The NJ State Police has used Twitter to dispel rumors and bad information from scanner reports about a plane crash in South Jersey or SEALs training in the Delaware River. They’ve also used it to get out initial information on fatal accidents and crimes before being bombarded by reporters.

3) The internet is just a tool. If your department or PIO refuses to share public information with the public, then there’s no point in being online. You have to have information that people want for it to be worthwhile. Posting about park closures or issues of minor significance are not good enough. Users on social media, particularly Twitter and Facebook are voracious news consumers. They want substance and lots of it. If you’re not answering phone calls from reporters who need information, there’s no reason you’d do it online.

The benefit of encouraging an air of transparency in your department however is that it can help demystify the process of police work and humanize law enforcement officers.

4) Facebook and Twitter can also be investigative tools. When we background a subject of a story, a crime or otherwise, these sites are among the first things we look at.

In several cases in New Jersey lately, it’s been a key component of criminal charges against young people. In the Tyler Clementi case, his former roommate is charged with trying to doctor his Twitter account to remove incriminating information. In the case of a group of Old Bridge teens accused of beating a man to death, they allegedly held extensive conversations on Facebook about the night in question and the beating.

And it helps us track people down, like the Hoboken woman who shot the amazing picture of the Space Shuttle from the window of her airplane. We found her on Facebook.

My talk went well, although it was a bit disconcerting to notice that one of my fellow panelists, Capt. Mike Parker of the Los Angeles County Sheriff’s Department, was looking up my resume on his laptop as I spoke. Even though I post all these things to the whole world on the internet, it’s easy to forget sometimes that anyone actually looks at it.

The rest of the day’s discussions offered a good opportunity to see some of these sources in a less-heated environment and learn from the other attendees and panelists (including Ted Gest of Criminal Justice Journalists and Nancy Kolb of the International Association of Chiefs of Police) about some of the resources we all have at our fingertips. I found out about The Crime Report, put together by Criminal Justice Journalists and The Center on Media, Crime and Justice. I also heard about IACP’s handy directory of police agencies with a presence on social media.

Probably the best reminder I heard all day though came from one of the other panelists, Capt.
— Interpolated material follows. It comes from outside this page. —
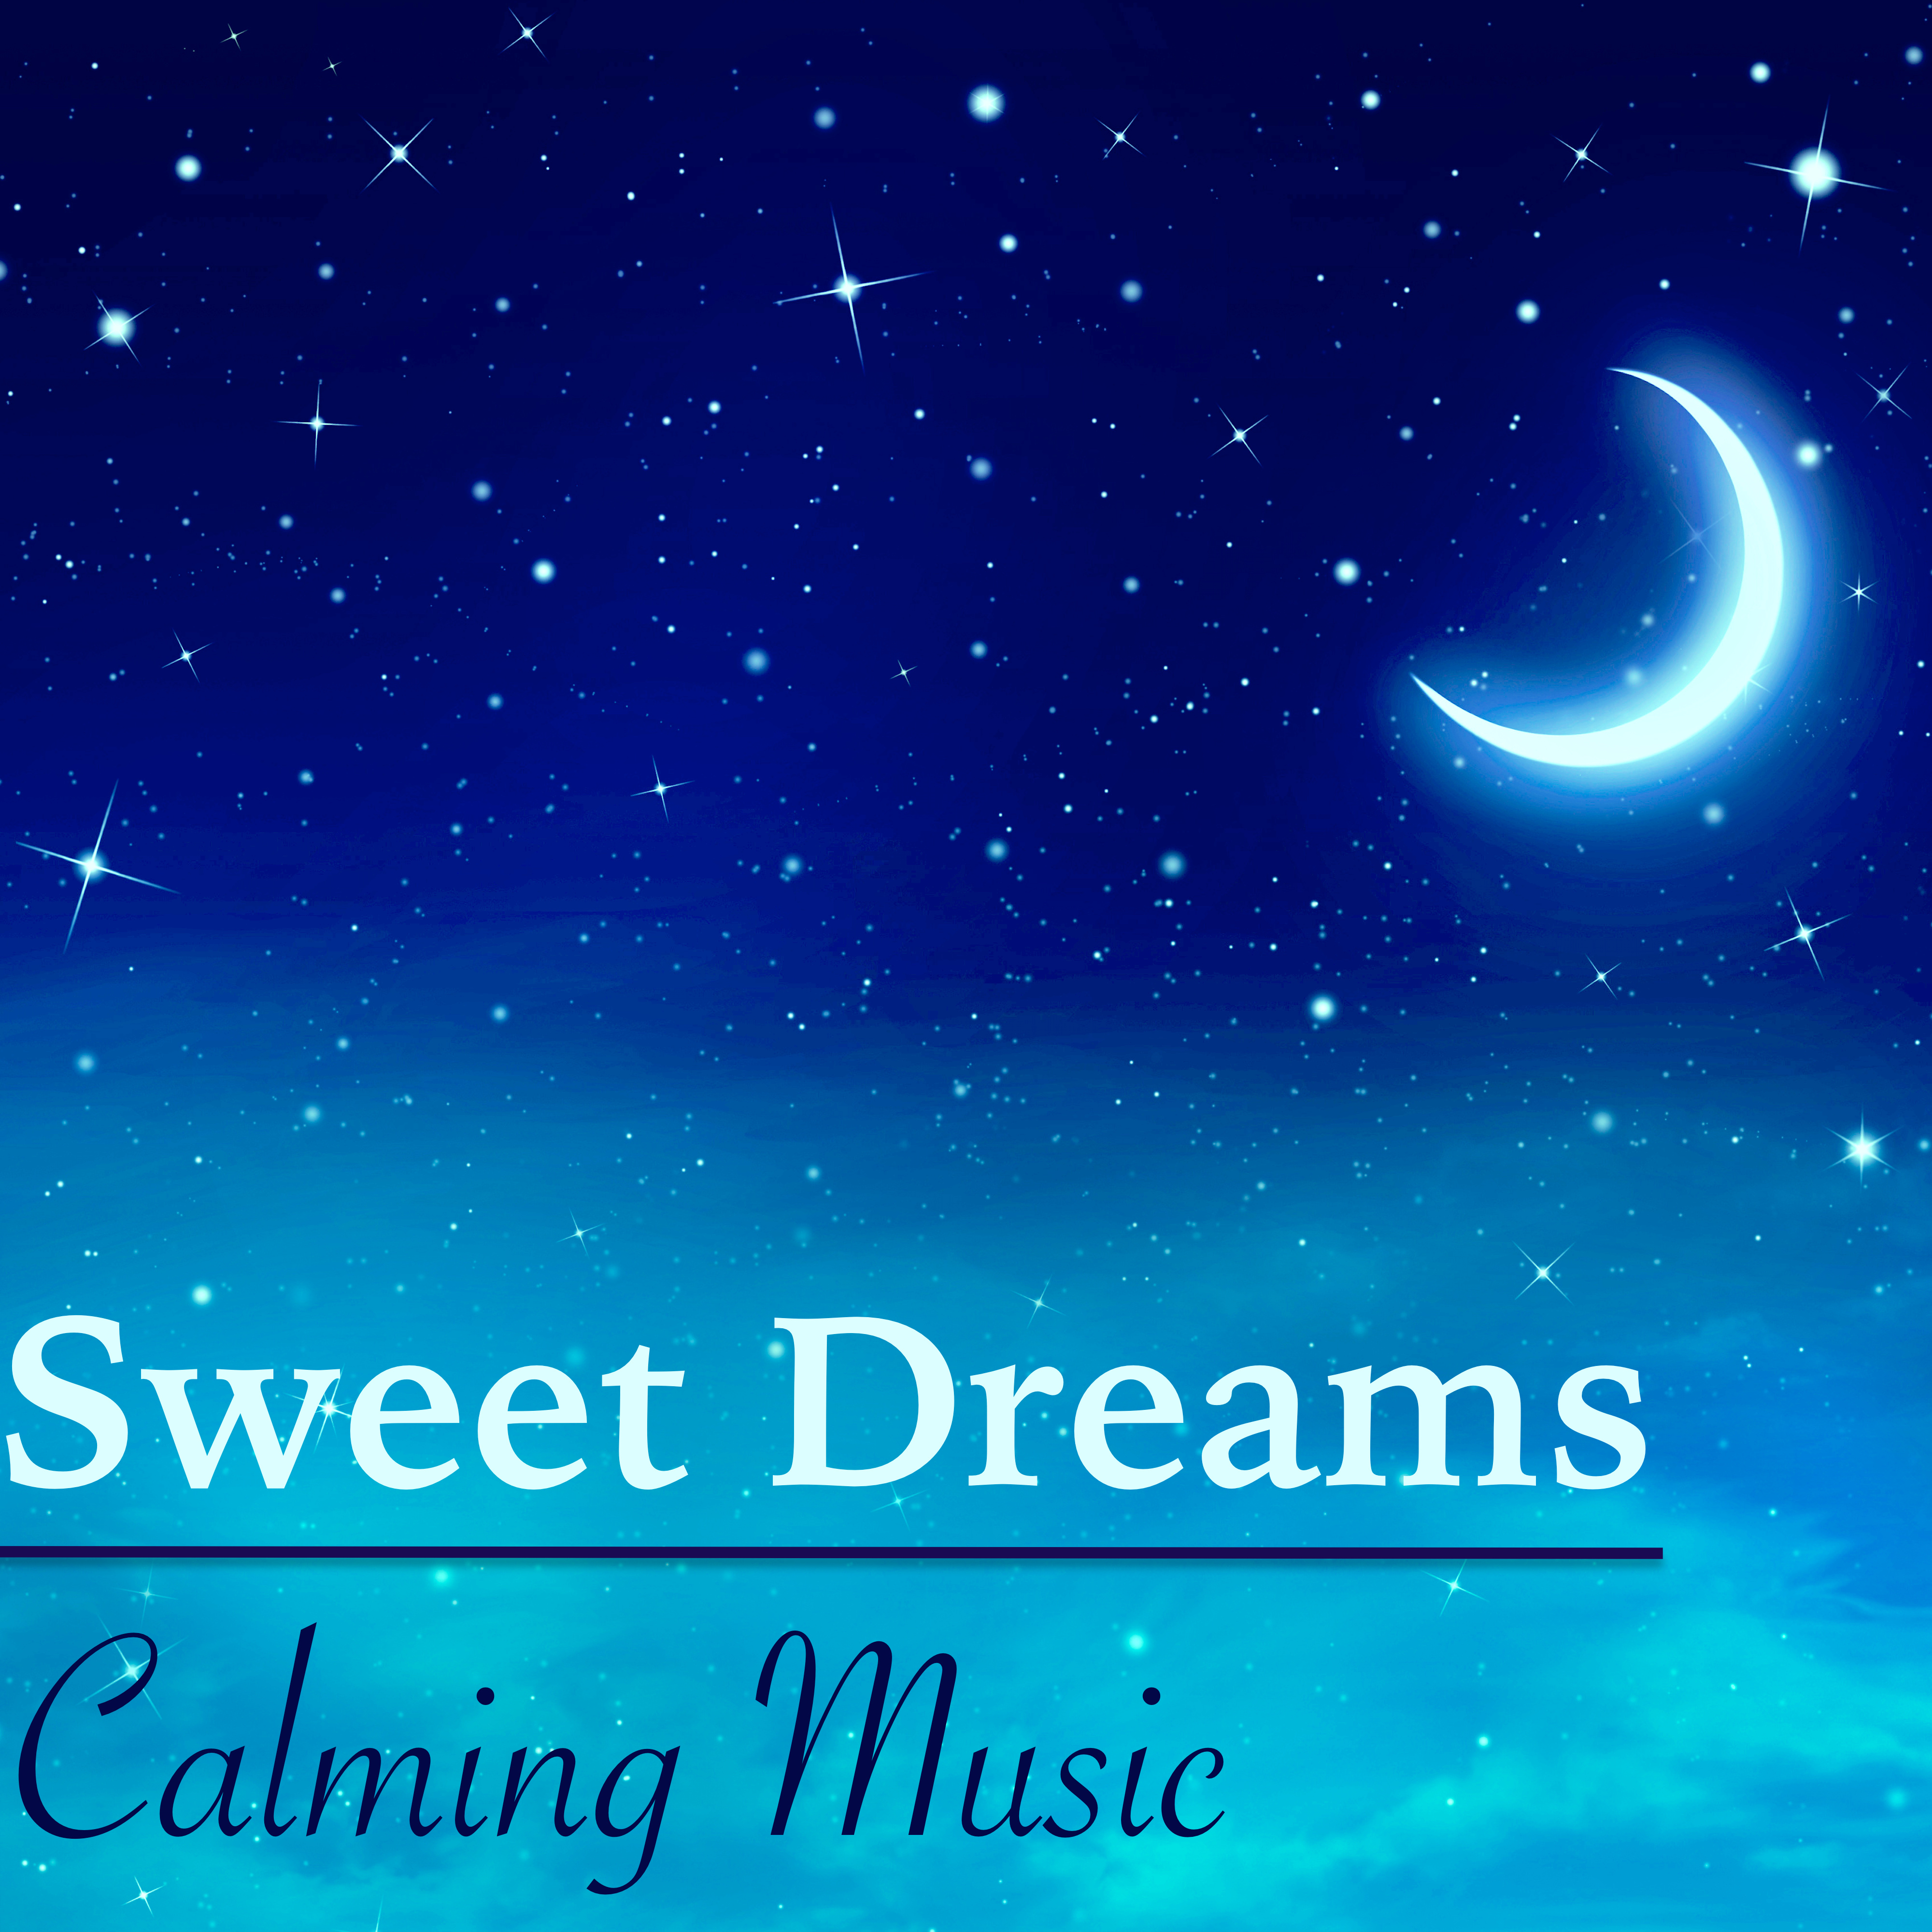 Sweet Dreams: Calming Music and Sounds of Nature for Relaxation, Stress Relief & Sleep Well through the Night

Jeff Paul, public information officer for the Morris County Prosecutor’s Office.  He bristled at receiving calls from reporters asking for information, in some cases demanding answers, without ever coming to introduce themselves to him.

Even with all of this magic from the interwebs to help us communicate faster and easier, there really is no replacement for building a personal relationship, face-to-face, with a police source, before you’re on deadline in the middle of a catastrophe.